About ten days ago I wrote a couple of posts about commenting on blogs.  More specifically, I was curious about what it was that turned a reader into a commenter.  Both posts generated a lot of discussion – here on the blog, on my Facebook page and on Twitter.

Here is what I learnt from that discussion:

  1. If you want to get comments and traffic for your blog – write about blogging and commenting!
  2. As Allison Tait, from Life in the Pink Fibro, pointed out in her post about the difference between writing and blogging, blogging is as much about engaging with our readers as it is about the actual writing itself.  Us bloggers like to hear back from our readers about what we write.  We want to engage our readers in conversation.  We want to connect with the rest of the human race.
  3. There is more than one way to engage with your readers, so take advantage of as many of them as you can.  A lot of blog post conversations take place on Twitter, while others generate discussion on Facebook.  Some of your readers may want to email you instead of commenting on your post, so make it easy for them to find your email address.
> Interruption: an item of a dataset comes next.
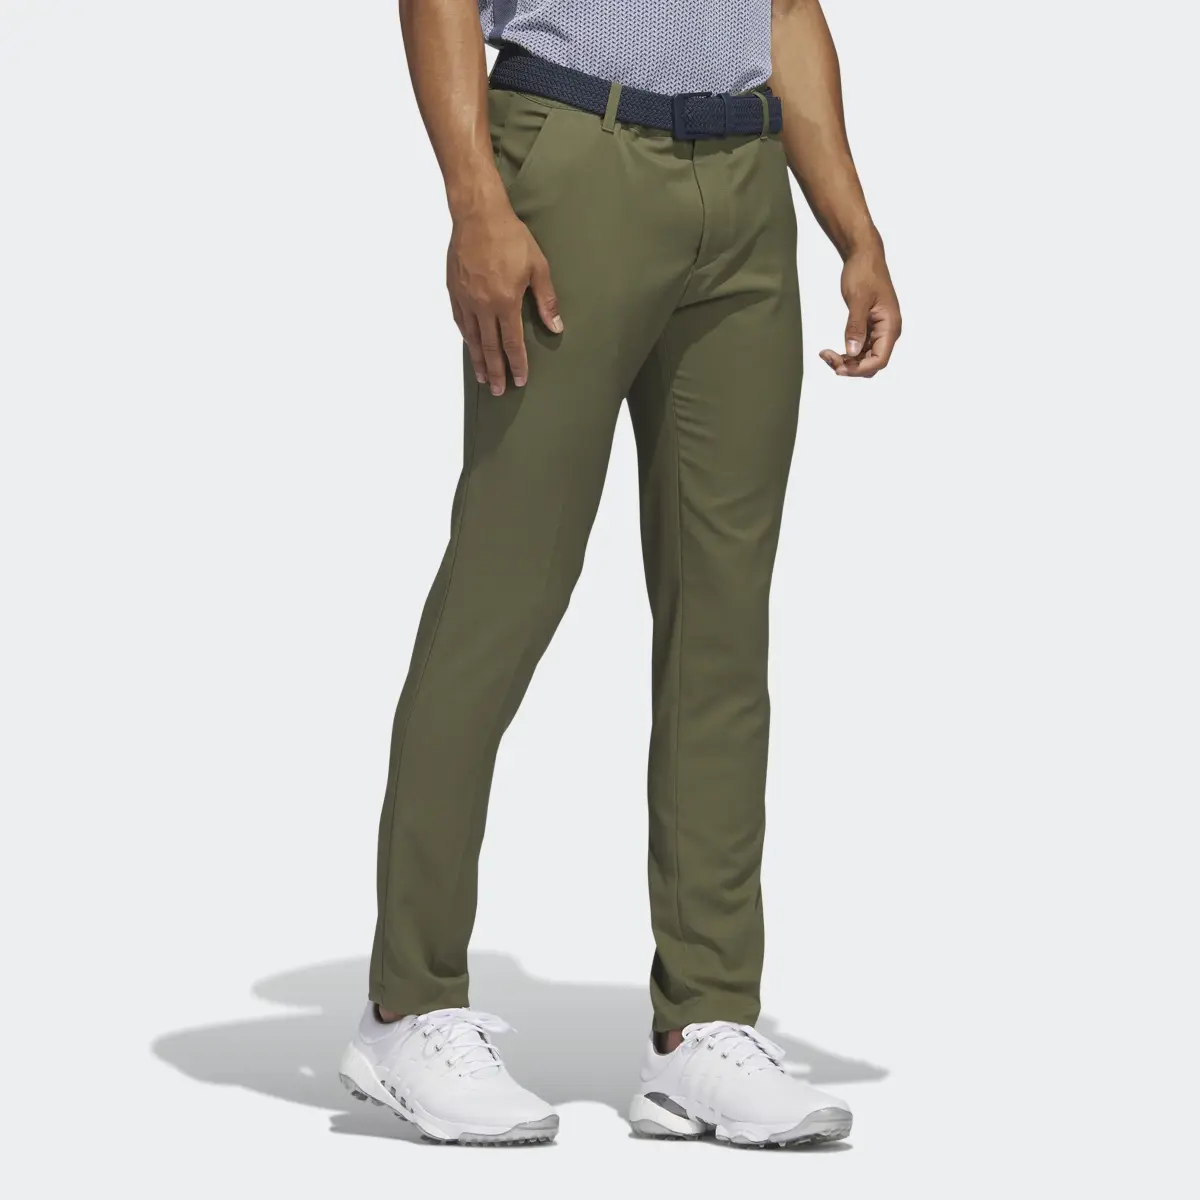 Adidas Ultimate365 Tapered Pants. 3

  4. Commenting on other blogs does not necessarily mean that you are going to get comments back on yours.  I think it depends on which blogs you choose to comment on and what you say.  For me it’s a question of finding (and continue looking for) blogs that I love, blogs that really speak to me on some level and going back to them to read and comment on most posts. Just like Allison writes, I try to be “neighbourly”, as in, “I’m here, I’m reading, I understand, thank you for making me laugh”. I used to be pretty random with my commenting, but in the last week or so, I have been reading less and commenting more.
  5. For me, comments on my blog help me see that I am connected to others and that’s why I treasure them.  Sometimes, they represent the only adult conversation I might have all day.  (I know – I need to get a life….)
  6. It helps if your friends and/or family are bloggers too.  They understand your need to connect with others through comments and will generously comment on your blog, just as you will on theirs.  You could think about finding a Blogging Buddy or three.
  7. Finally, you need to give readers something to comment on.  You need to create an emotional connection with your audience.  I don’t have a magic formula for that.  Sometimes this works and sometimes it doesn’t.  Asking a question at the end of your post can sometimes help to generate comments, but again, that emotional connection needs to be there.  Whether your post is sad, or funny, or angry, if your words are able to convey that emotion to the reader, you will most likely get some very thoughtful comments.
So, those are my conclusions.
For me, comments are important. For others, not so much.
I write because I want to, because I need to get the stuff out of my head, because I need to “talk” to someone.  Sometimes I write really well, sometimes I don’t.
I keep pushing myself.  I keep trying different things.  Writing about different topics.  You, my readers, respond really well to some posts and are probably bored by others.  That’s OK.  You don’t have to tell me you love me all the time.  I’ll be happy with the occasional “hello”…
What about you?  What have you learnt about commenting in your blogging career?